Found-by: Jeff Layton <[email protected]>
Signed-off-by: Steve Dickson <[email protected]>
---
fs/nfs/direct.c | 2 +-
1 files changed, 1 insertions(+), 1 deletions(-)
diff --git a/fs/nfs/direct.c b/fs/nfs/direct.c
index 064a809..84d3c8b 100644
--- a/fs/nfs/direct.c
+++ b/fs/nfs/direct.c
@@ -873,7 +873,7 @@ static ssize_t nfs_direct_write(struct kiocb *iocb, const struct iovec *iov,
dreq->inode = inode;
dreq->ctx = get_nfs_open_context(nfs_file_open_context(iocb->ki_filp));
dreq->l_ctx = nfs_get_lock_context(dreq->ctx);
- if (dreq->l_ctx != NULL)
+ if (dreq->l_ctx == NULL)
goto out_release;
if (!is_sync_kiocb(iocb))
dreq->iocb = iocb;
--
1.7.2.3
On Thu, 2010-10-28 at 08:38 -0400, Christoph Hellwig wrote:
> On Thu, Oct 28, 2010 at 08:17:54AM -0400, Steve Dickson wrote:
> > A typo, introduced by commit f11ac8db, in the nfs_direct_write()
> > routine causes writes with O_DIRECT set to fail with a ENOMEM error.
>
> I guess someone should run xfstests on nfs more regularly :)
Sigh, yes... I should set up a VM to run all the test suites on a
regular basis...
Trond
On Thu, 2010-10-28 at 09:55 -0400, Jeff Layton wrote:
> On Thu, 28 Oct 2010 08:34:35 -0400
> Jeff Layton <[email protected]> wrote:
>
> > On Thu, 28 Oct 2010 08:17:54 -0400
> > Steve Dickson <[email protected]> wrote:
> >
> > > A typo, introduced by commit f11ac8db, in the nfs_direct_write()
> > > routine causes writes with O_DIRECT set to fail with a ENOMEM error.
> > >
> > > Found-by: Jeff Layton <[email protected]>
> > > Signed-off-by: Steve Dickson <[email protected]>
> > > ---
> > > fs/nfs/direct.c | 2 +-
> > > 1 files changed, 1 insertions(+), 1 deletions(-)
> > >
> > > diff --git a/fs/nfs/direct.c b/fs/nfs/direct.c
> > > index 064a809..84d3c8b 100644
> > > --- a/fs/nfs/direct.c
> > > +++ b/fs/nfs/direct.c
> > > @@ -873,7 +873,7 @@ static ssize_t nfs_direct_write(struct kiocb *iocb, const struct iovec *iov,
> > > dreq->inode = inode;
> > > dreq->ctx = get_nfs_open_context(nfs_file_open_context(iocb->ki_filp));
> > > dreq->l_ctx = nfs_get_lock_context(dreq->ctx);
> > > - if (dreq->l_ctx != NULL)
> > > + if (dreq->l_ctx == NULL)
> > > goto out_release;
> > > if (!is_sync_kiocb(iocb))
> > > dreq->iocb = iocb;
> >
> > Also, since get_lock_context holds references, this prevents the fs
> > from being unmounted.
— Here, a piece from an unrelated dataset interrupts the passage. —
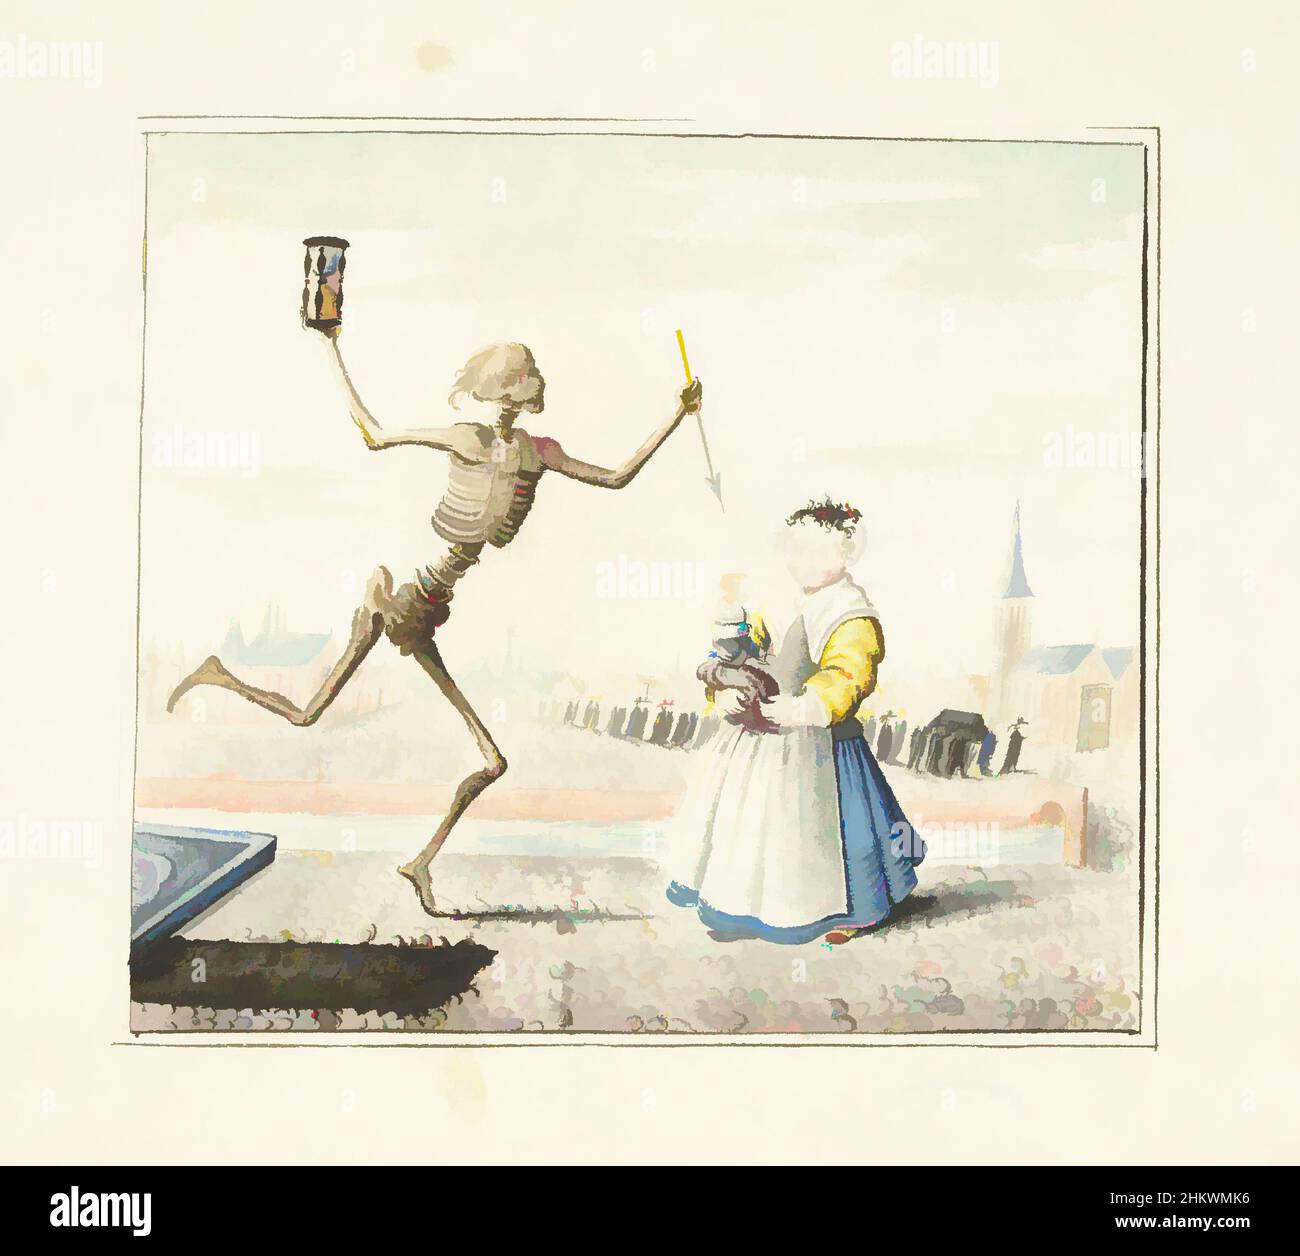 Art inspired by Death next to a little girl, Death dancing next to a girl. On the left foreground is the girl's grave with the date the drawing was made or when the girl died. On the right, a long funeral procession walks to the entrance of a church., draughtsman: Gesina ter Borch, Classic works modernized by Artotop with a splash of modernity. Shapes, color and value, eye-catching visual impact on art. Emotions through freedom of artworks in a contemporary way. A timeless message pursuing a wildly creative new direction. Artists turning to the digital medium and creating the Artotop NFT Stock Photo

It looks like this bug is in 2.6.36 too, so this
> > may be suitable for stable series as well.
> >
>
> Oh...and another thing I noticed too...
>
> nfs_create_request doesn't check for a NULL return from
> nfs_get_lock_context. If it ever does, it looks like that will likely
> trickle down to an oops in encode_stateid.
>
> It might be good to fix that as well. Maybe something like this
> compile-tested-only patch?
>
> --------------------[snip]---------------------
>
> nfs: handle lock context allocation failures in nfs_create_request
>
> nfs_get_lock_context can return NULL on an allocation failure.
>
> Signed-off-by: Jeff Layton <[email protected]>
> ---
> fs/nfs/pagelist.c | 8 +++++++-
> 1 files changed, 7 insertions(+), 1 deletions(-)
>
> diff --git a/fs/nfs/pagelist.c b/fs/nfs/pagelist.c
> index 9194902..137b549 100644
> --- a/fs/nfs/pagelist.c
> +++ b/fs/nfs/pagelist.c
> @@ -65,6 +65,13 @@ nfs_create_request(struct nfs_open_context *ctx, struct inode *inode,
> if (req == NULL)
> return ERR_PTR(-ENOMEM);
>
> + /* get lock context early so we can deal with alloc failures */
> + req->wb_lock_context = nfs_get_lock_context(ctx);
> + if (req->wb_lock_context == NULL) {
> + nfs_page_free(req);
> + return ERR_PTR(-ENOMEM);
> + }
> +
> /* Initialize the request struct. Initially, we assume a
> * long write-back delay. This will be adjusted in
> * update_nfs_request below if the region is not locked. */
> @@ -79,7 +86,6 @@ nfs_create_request(struct nfs_open_context *ctx, struct inode *inode,
> req->wb_pgbase = offset;
> req->wb_bytes = count;
> req->wb_context = get_nfs_open_context(ctx);
> - req->wb_lock_context = nfs_get_lock_context(ctx);
> kref_init(&req->wb_kref);
> return req;
> }
Yup. That looks as if it should be required...
Trond
On Thu, 28 Oct 2010 10:03:23 -0400
Trond Myklebust <[email protected]> wrote:
> On Thu, 2010-10-28 at 09:55 -0400, Jeff Layton wrote:
> > On Thu, 28 Oct 2010 08:34:35 -0400
> > Jeff Layton <[email protected]> wrote:
> >
> > > On Thu, 28 Oct 2010 08:17:54 -0400
> > > Steve Dickson <[email protected]> wrote:
> > >
> > > > A typo, introduced by commit f11ac8db, in the nfs_direct_write()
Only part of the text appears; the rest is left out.